In Criticism and Ideology (1976), Eagleton embarked on an anti-Hegelian Marxism that critiqued British critical tradition (particularly F.R. Leavis and Raymond Williams) and re-evaluated the development of the English novel.  In this work he provides a general framework for understanding the relation between the literary text and the social world.  (He was later to modify his position in Walter Benjamin or Towards A Revolutionary Criticism (1981) after a consideration of post-structuralist theory).  Eagleton examined the relationship between literature and ideology.  He posits that the text may appear to be free in its relation to reality (that is, to invent characters and situations) but it is not free in its use of ideology (ideology meaning systems of representation which shape the individual's picture of lived experience).  He rejects Althusser's view that literature can distance itself from ideology; it is a complex reworking of already existing ideological discourses.  However, literature produces rather than reflects ideology.  Therefore, criticism is concerned with the production of ideological discourses as literature.

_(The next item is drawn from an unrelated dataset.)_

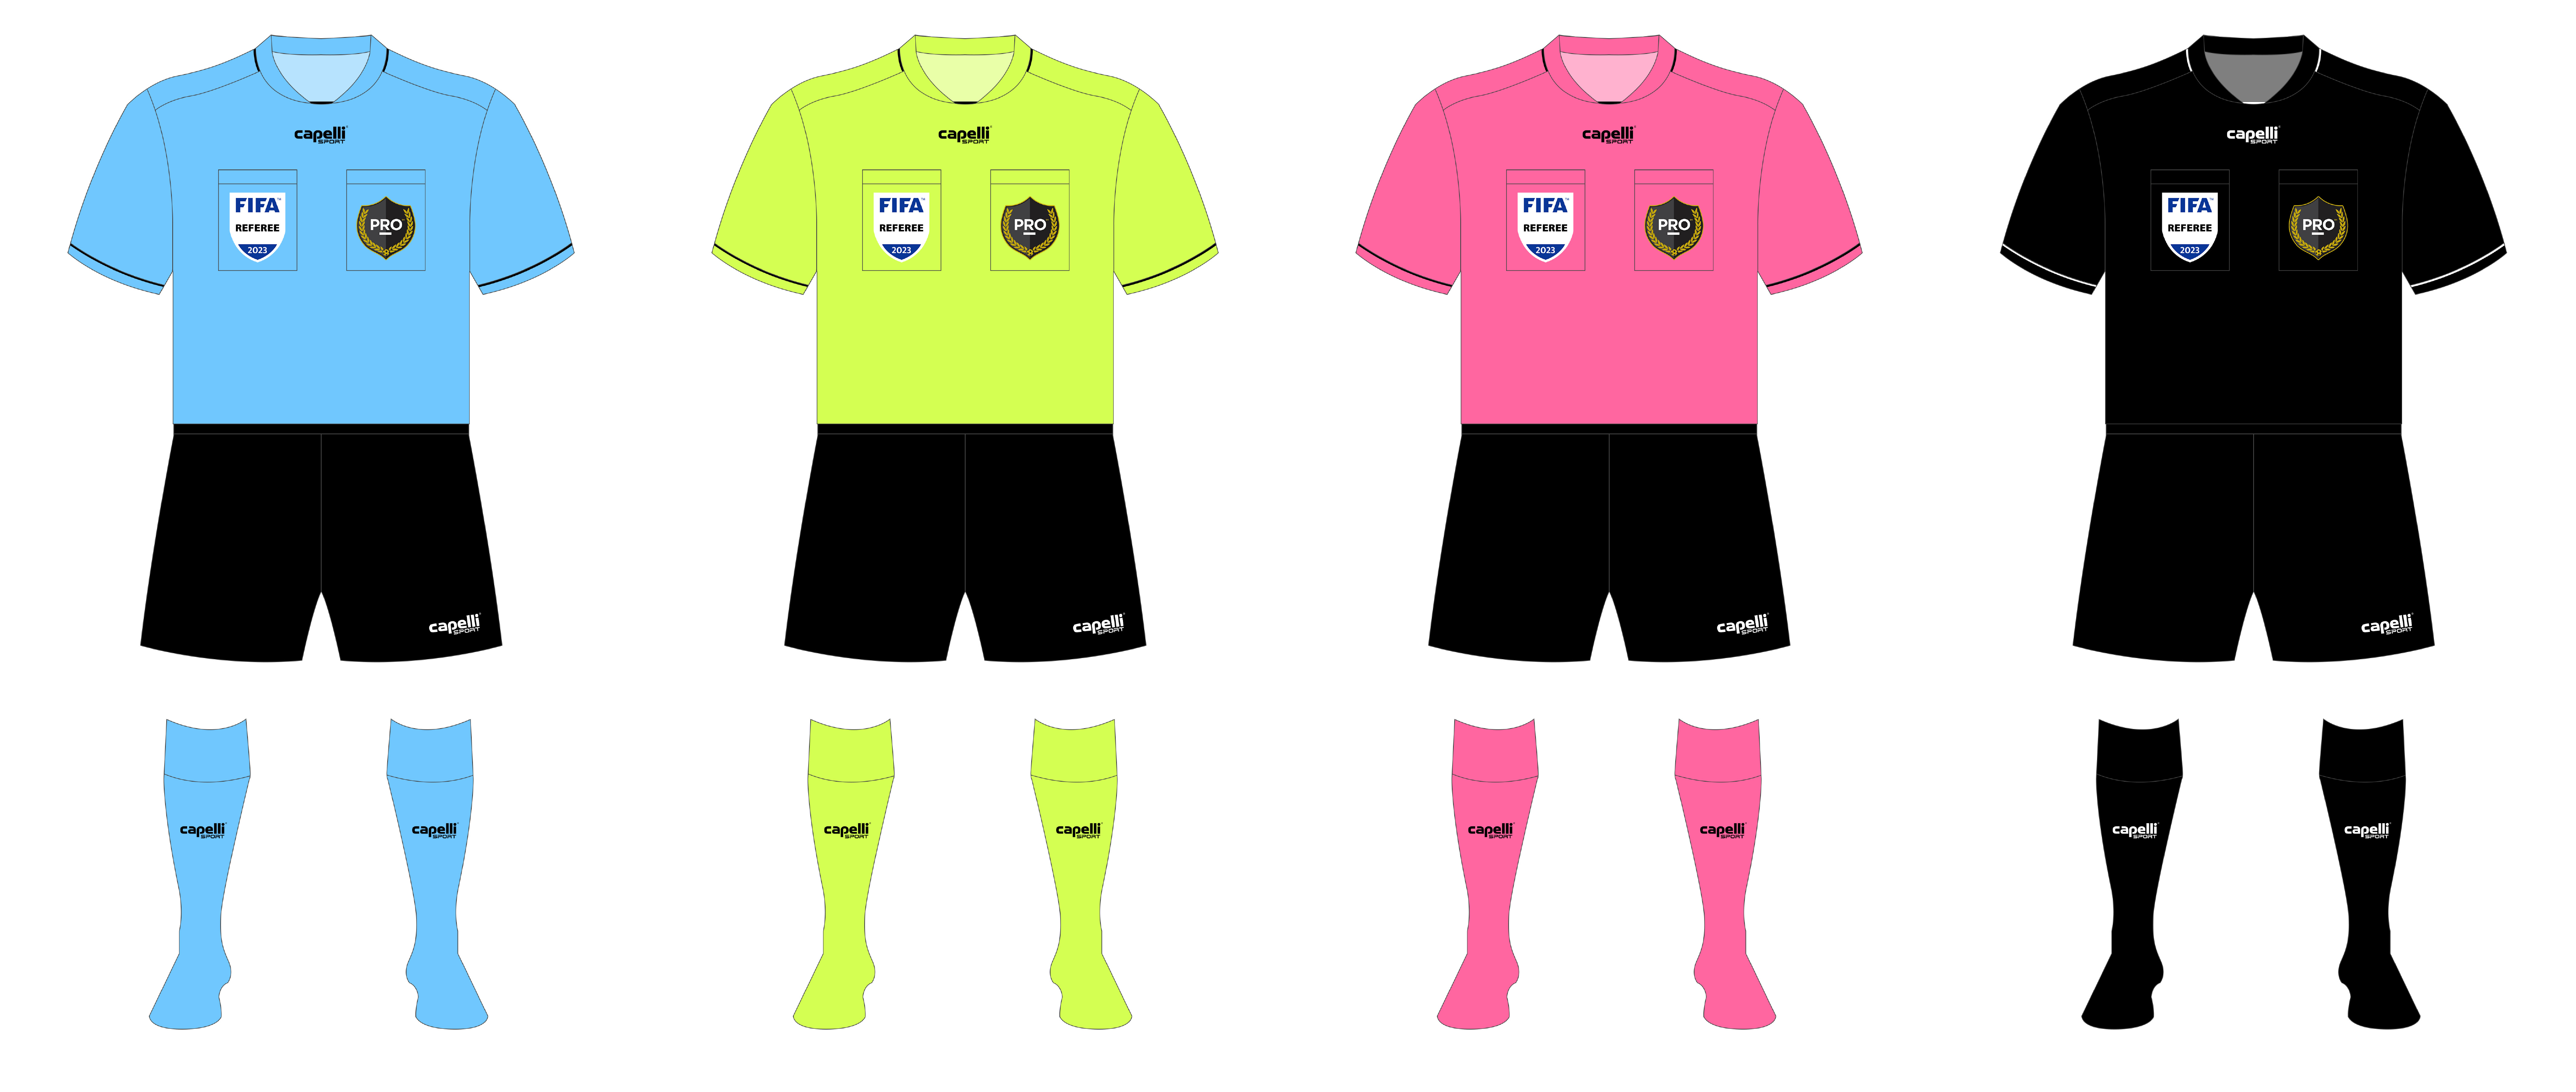 kit jersey pro league soccer

In Shakespeare and Society (1967) Eagleton is concerned with breaking down the distinctions between individual and society, and between life and social structure.  An often-used quotation from this text is “What we judge in the plays as relevant, what we actually see, is shaped by what we see in our own culture, in ourselves”.  Eagleton then returns to the novel with Exiles and Émigrés (1970).  Here he discusses the realist novel as reproducing history and social relations, and also extends the view of modernism by bringing colonialism, Englishness, and exile to bear on the meanings and values of modernism. 

Eagleton's 1977 essay “Marxist Literary Criticism” shows the beginnings of his discontent with realist aesthetics and structuralism as a tool for literary criticism, and he begins to look for another way of considering the structural relations between literature and history.  He then shifts to the idea of literature as a social practice and to ways of determining the ideological conditions under which the literary work is produced.  This shift is particularly evident in Marxism and Literary Criticism (1976). 

In what is regarded as his best work, Walter Benjamin or Towards a Revolutionary Criticism (1981), Eagleton questions the relation between socialist cultural theory and cultural practice, and the bearing these have on revolutionary politics.  He also recognises and values feminist criticism.